▶ Aim of the exercise
I'd like the data beneath this line reproduced exactly, without any of its images.

▶ Data
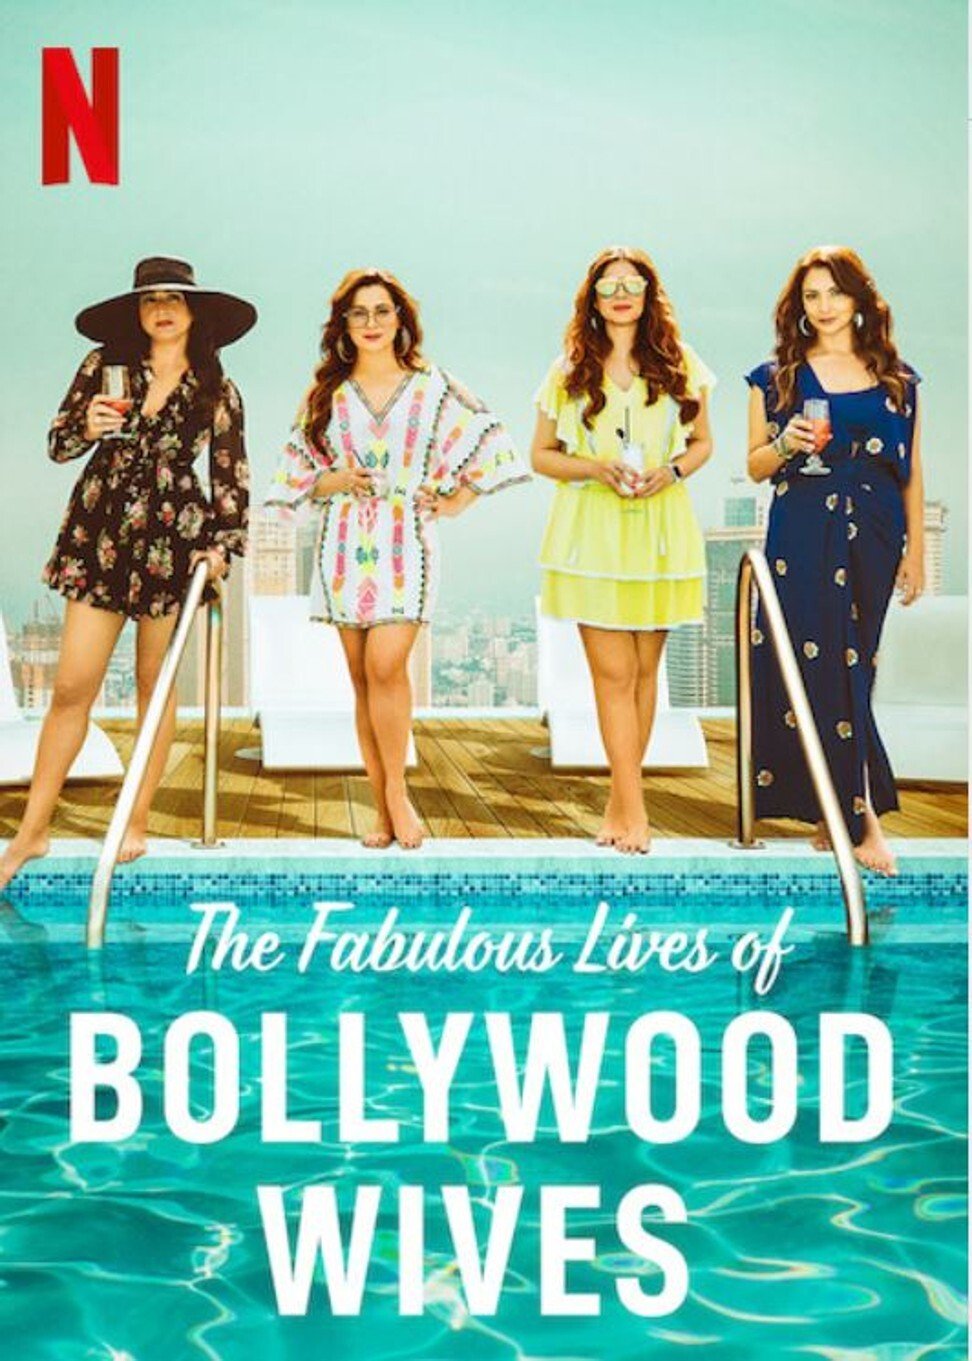 ดูหนังออนไลน์ฟรี Fabulous Lives of Bollywood Wives Season 1 Ep08 END แฟบูลูส ไลฟ์ ออฟ บอลลีวู๊ด ไวส์ท ปี1 ตอนที่8 ตอนจบ
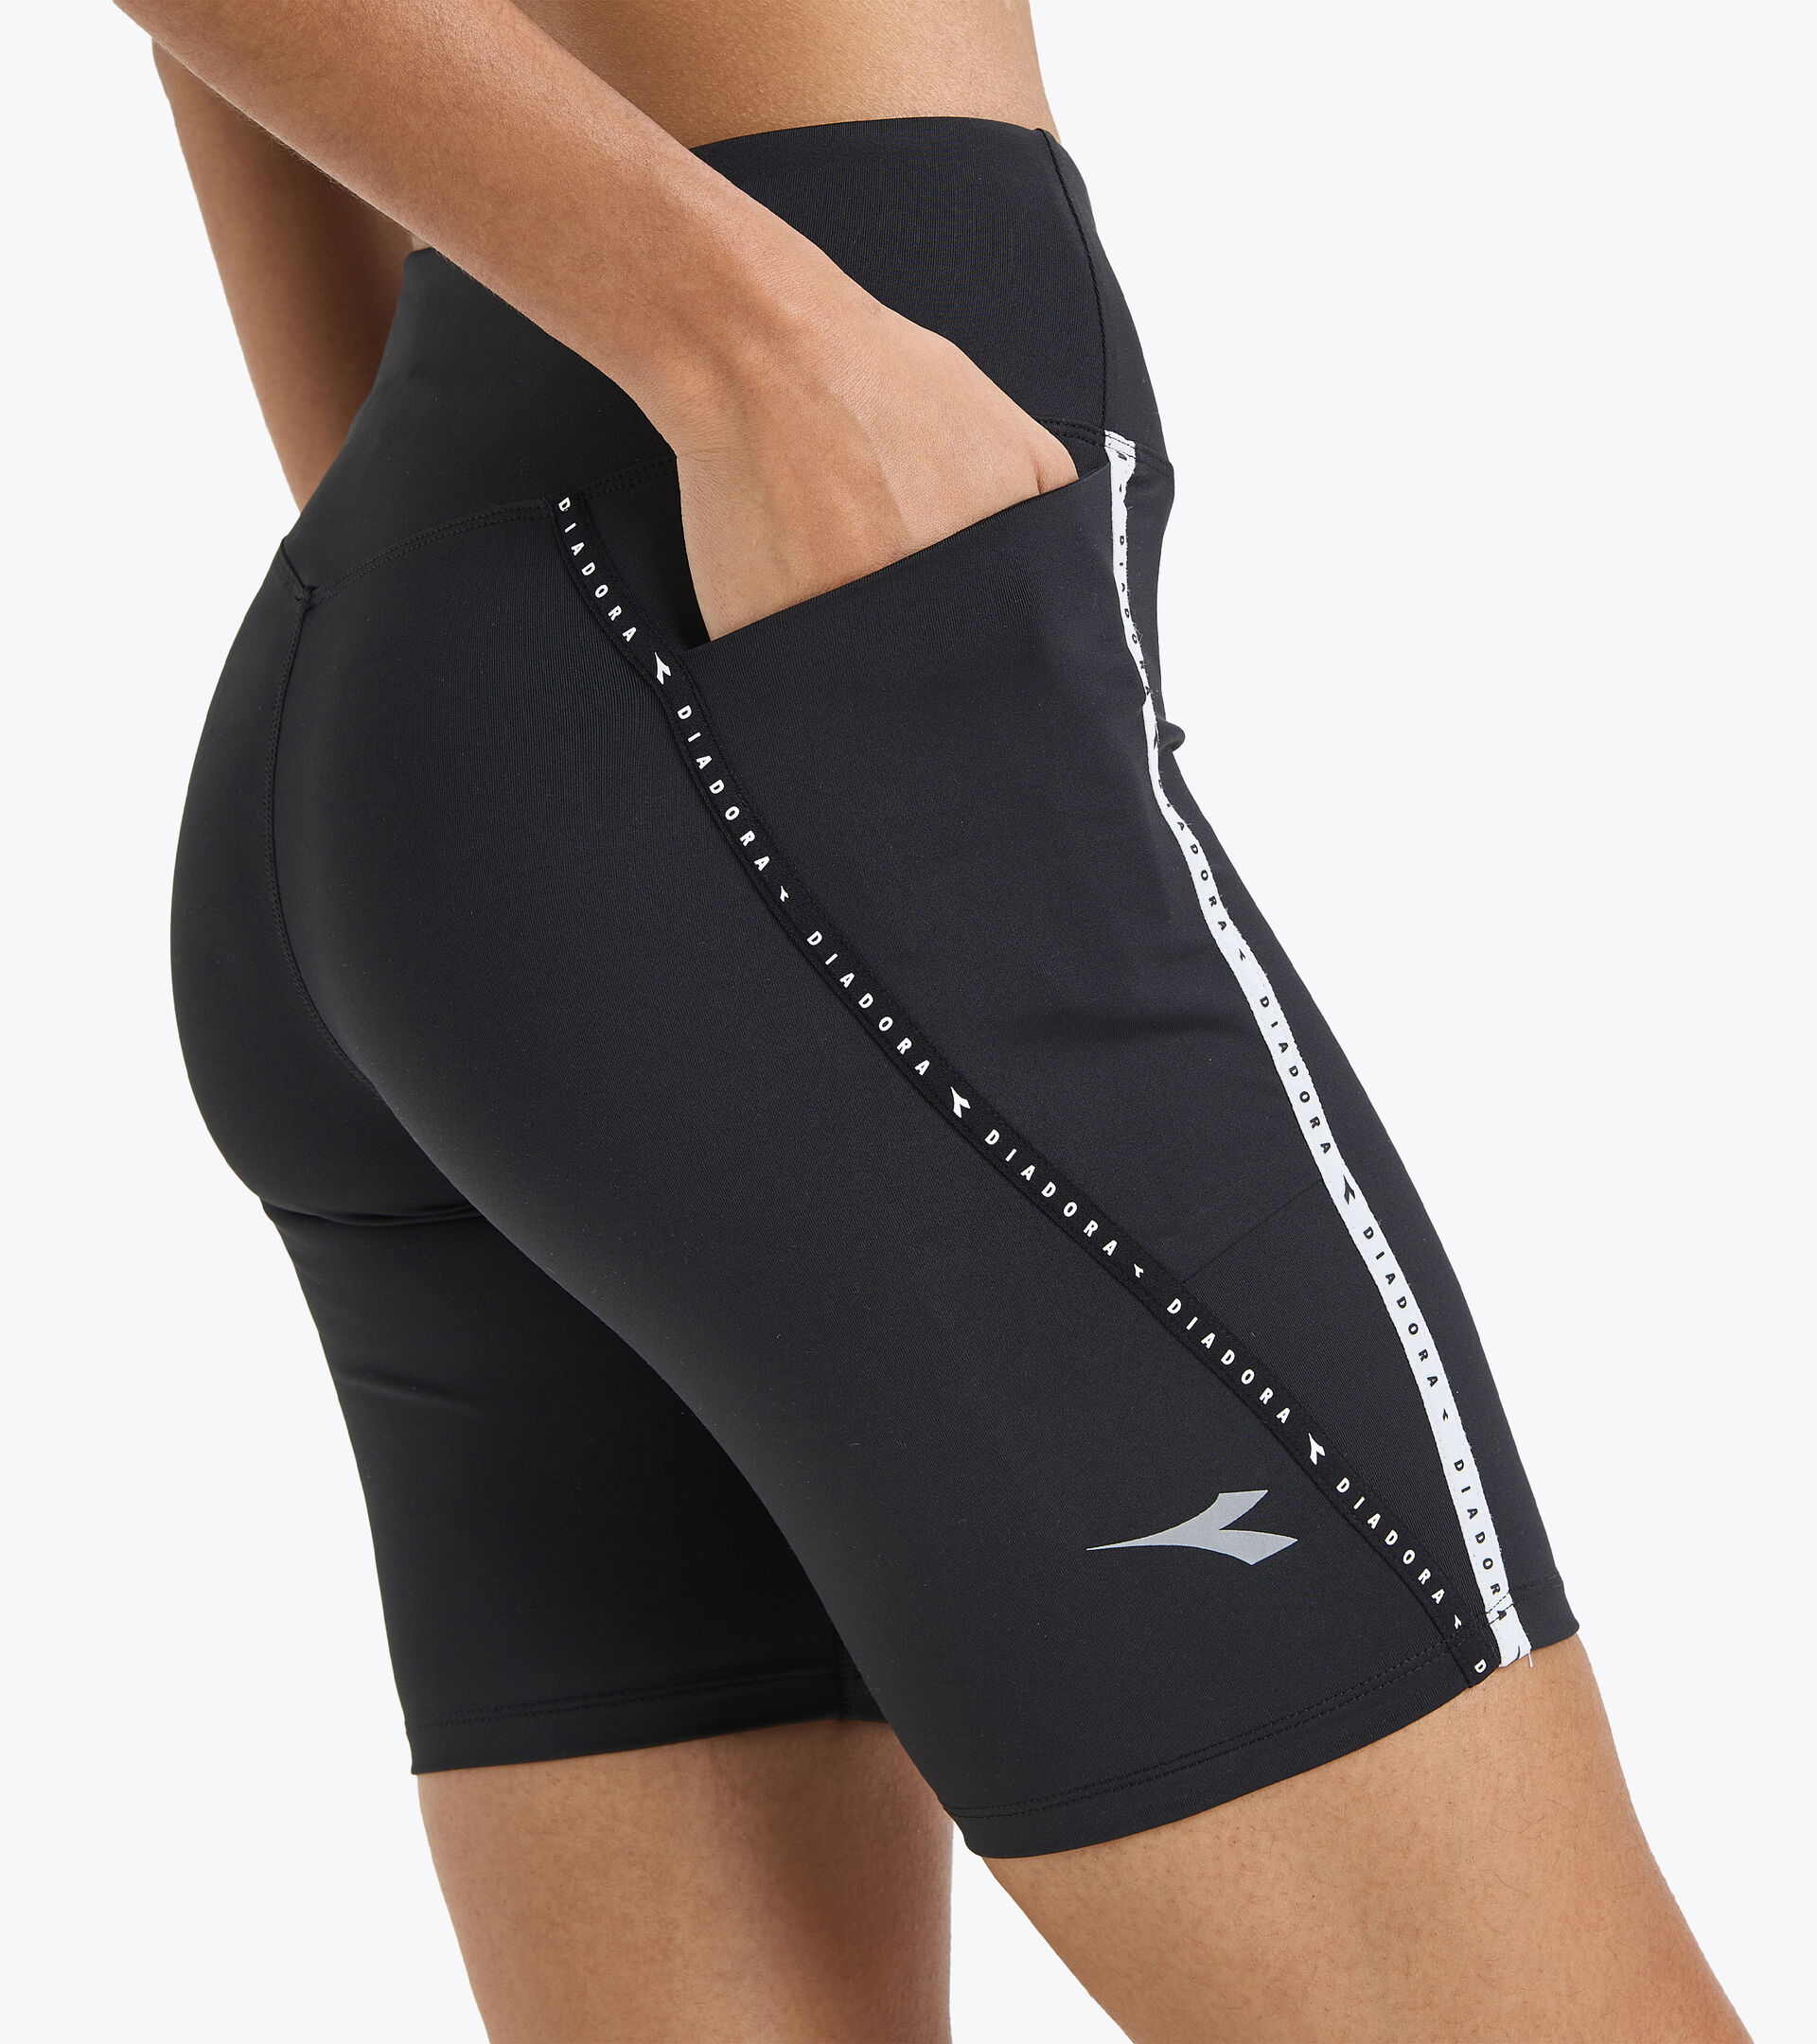 diadora cycling shorts small padded
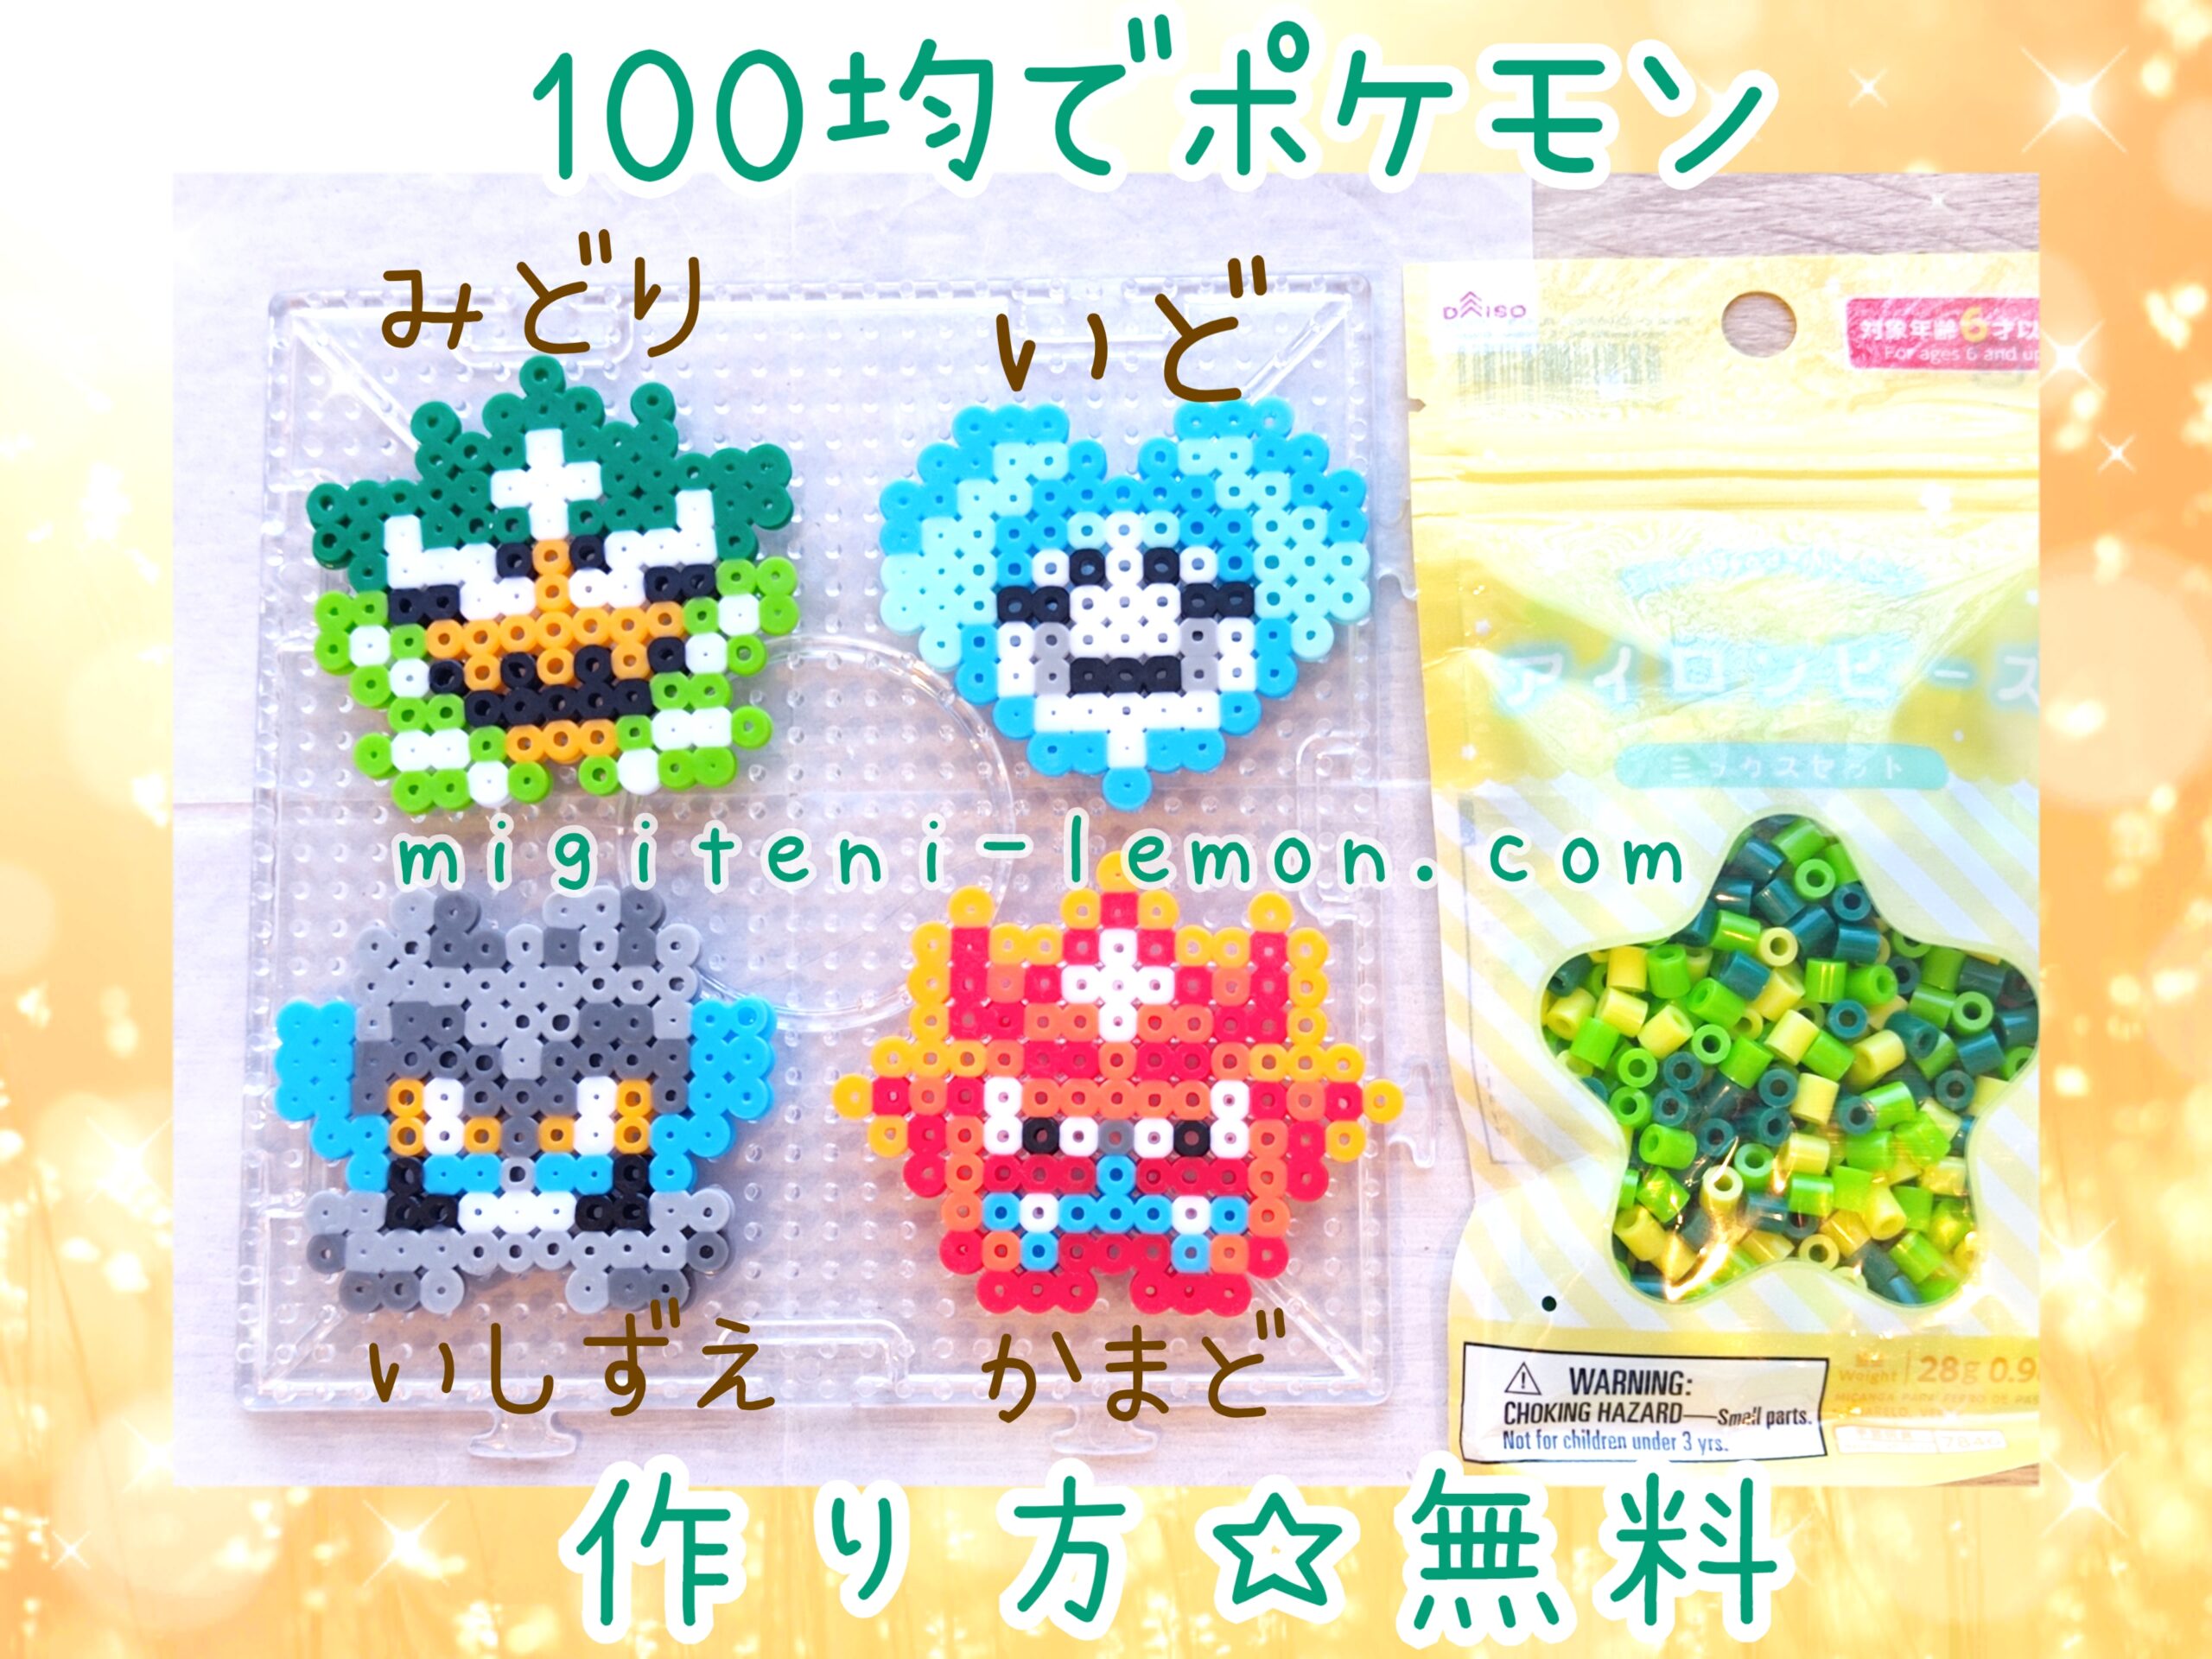 ogerpon-mask-pokemon-beads-zuan-sv-dlc-handmade

▶ Worked solution
 ดูหนังออนไลน์ฟรี Fabulous Lives of Bollywood Wives Season 1 Ep08 END แฟบูลูส ไลฟ์ ออฟ บอลลีวู๊ด ไวส์ท ปี1 ตอนที่8 ตอนจบ
 diadora cycling shorts small padded
 ogerpon-mask-pokemon-beads-zuan-sv-dlc-handmade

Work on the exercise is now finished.